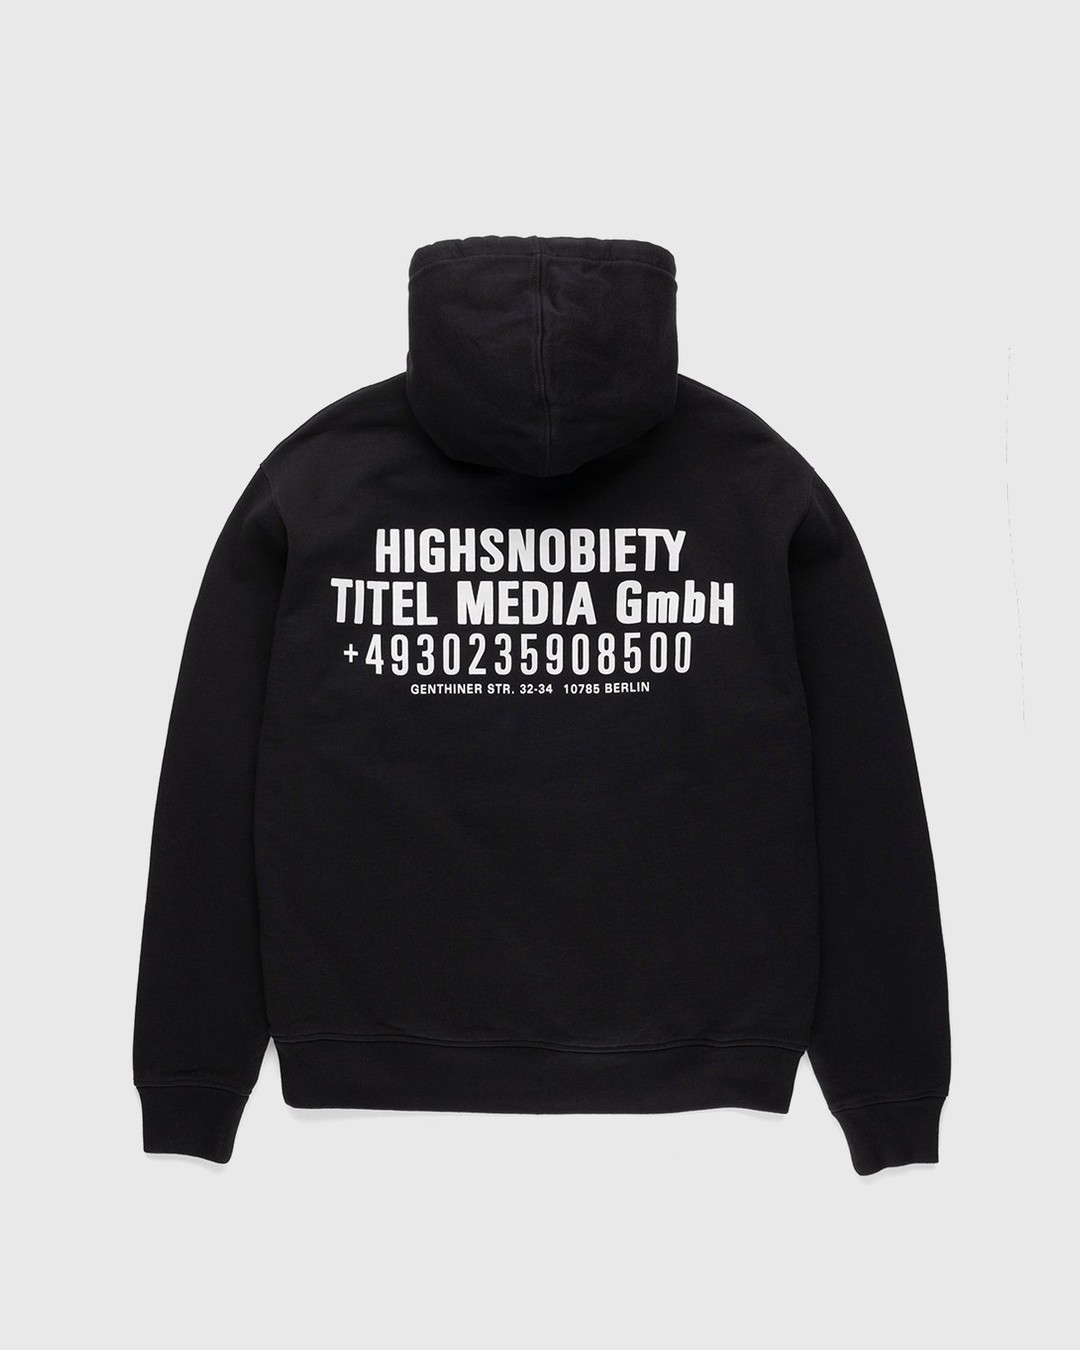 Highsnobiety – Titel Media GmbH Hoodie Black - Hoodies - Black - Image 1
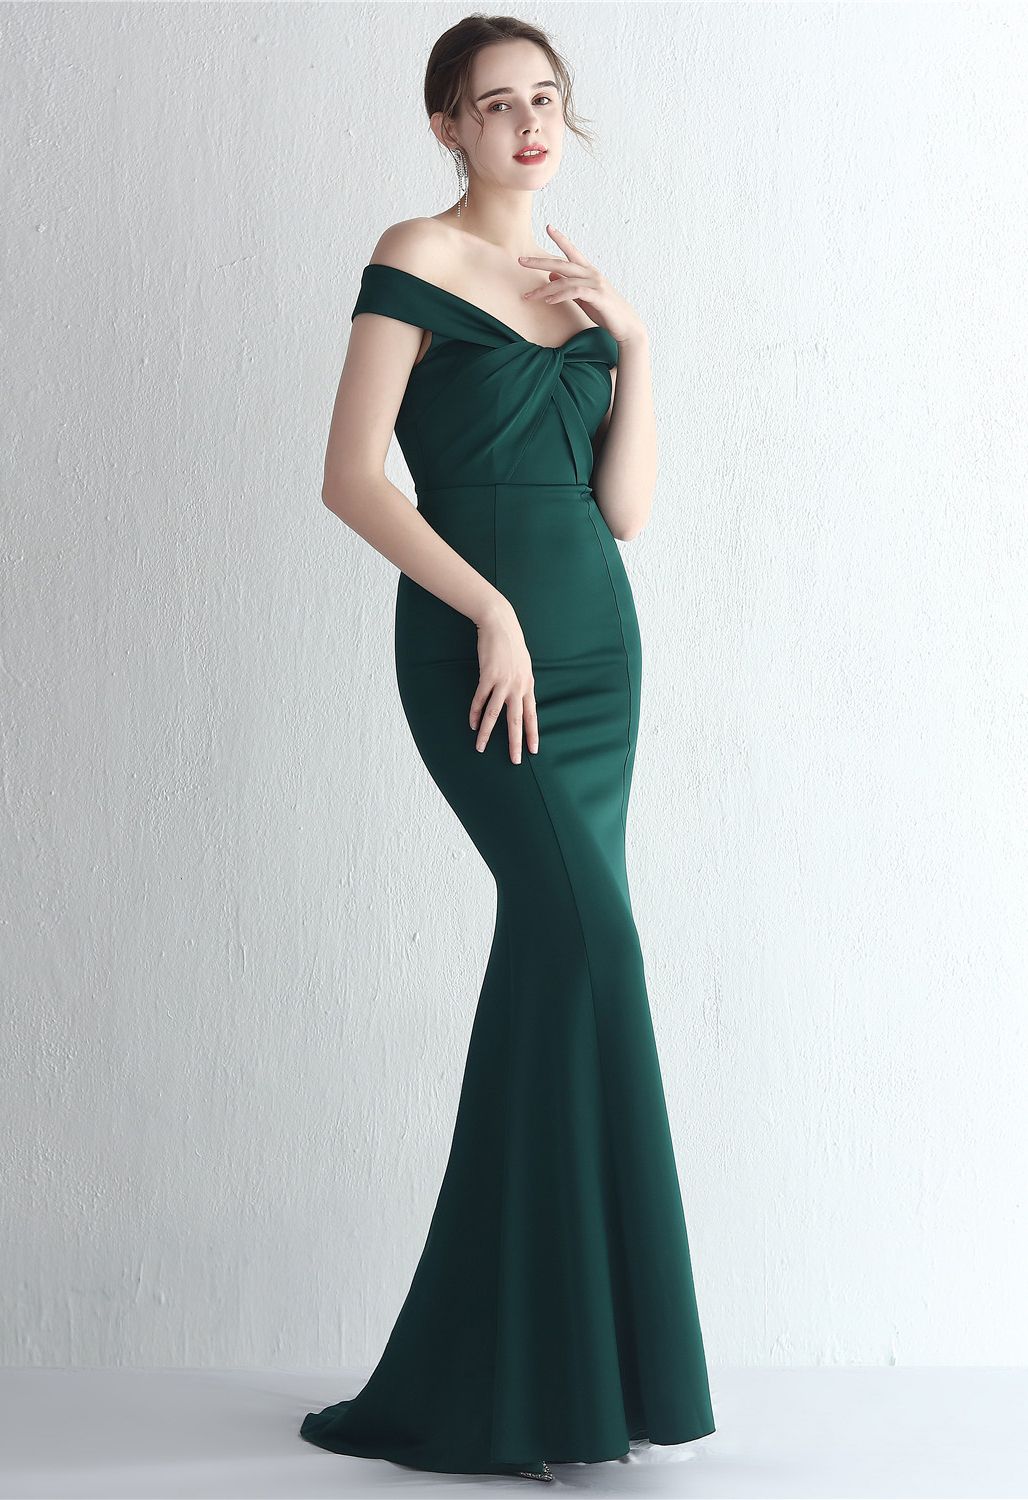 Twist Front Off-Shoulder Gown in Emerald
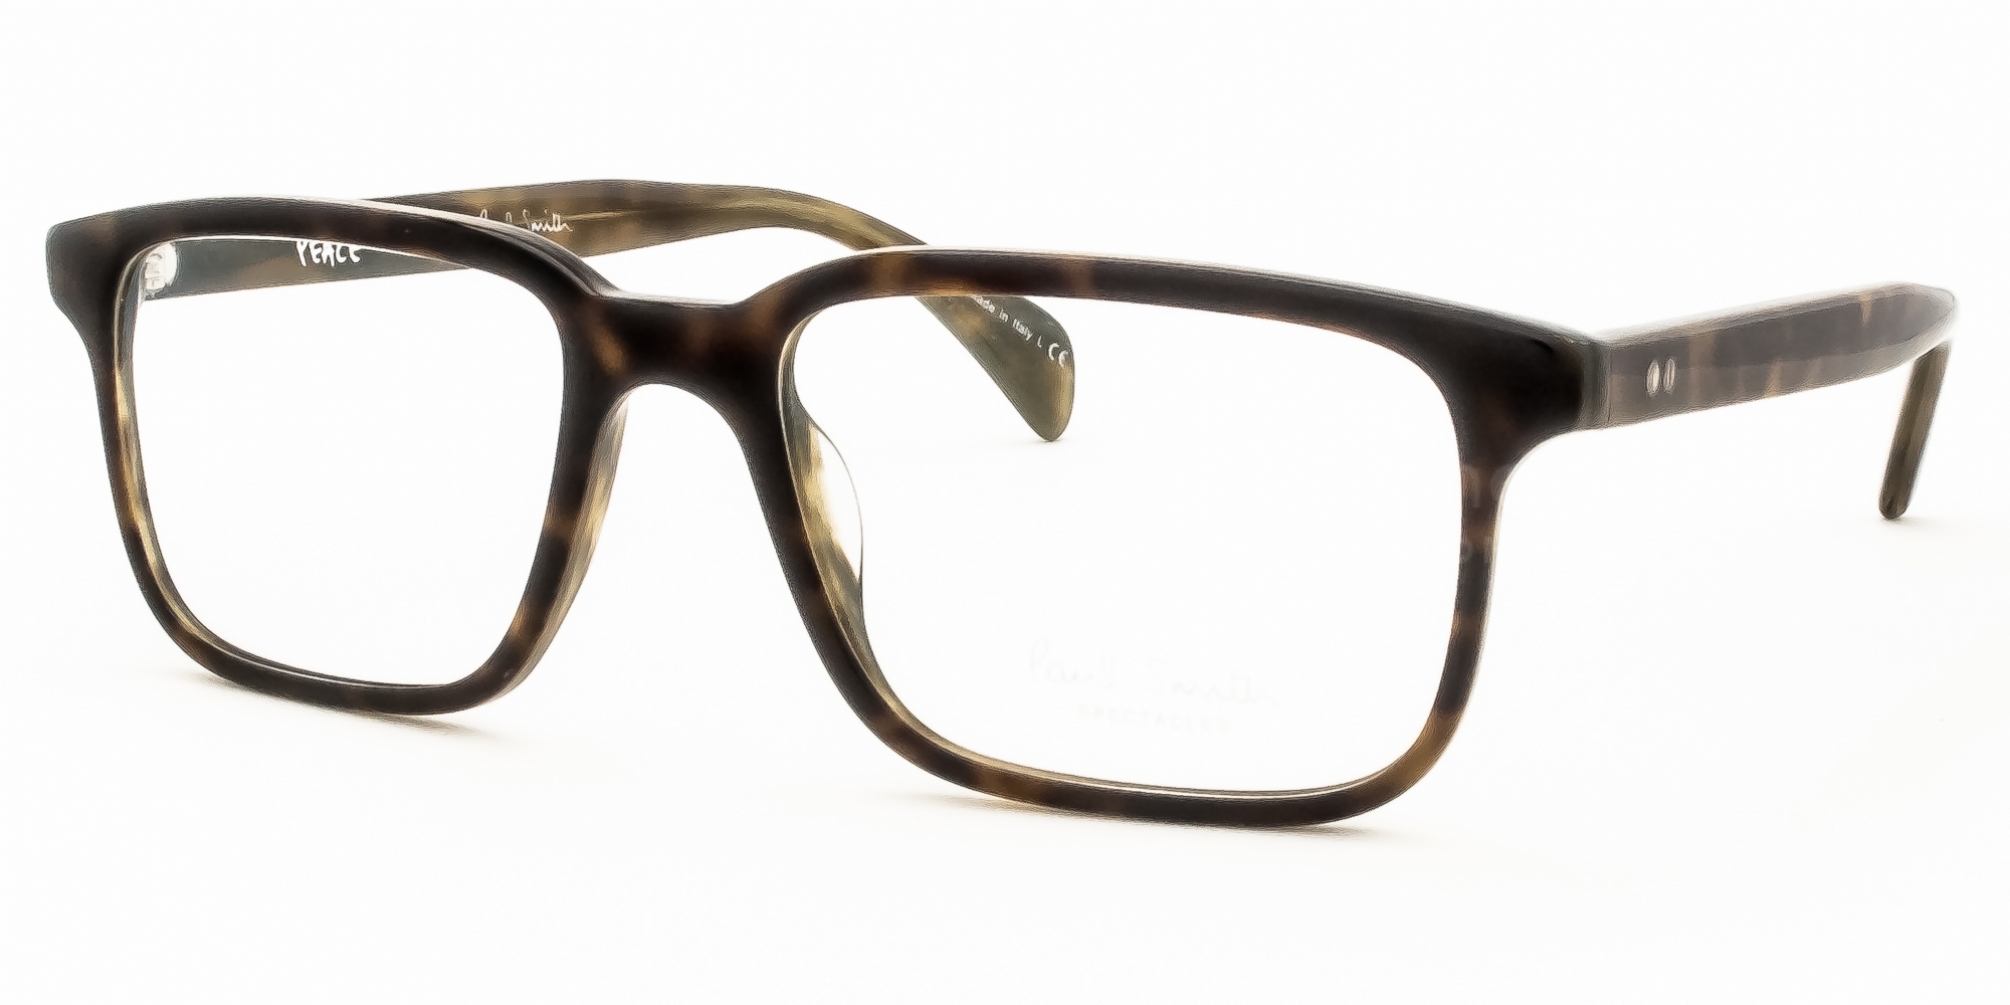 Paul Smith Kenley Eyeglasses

● What you have to do: When you retype the material above, keep every word exact and drop the images.

● Exercise solution:
 Highsnobiety – Titel Media GmbH Hoodie Black - Hoodies - Black - Image 1
 Twist Front Off-Shoulder Gown in Emerald
 Paul Smith Kenley Eyeglasses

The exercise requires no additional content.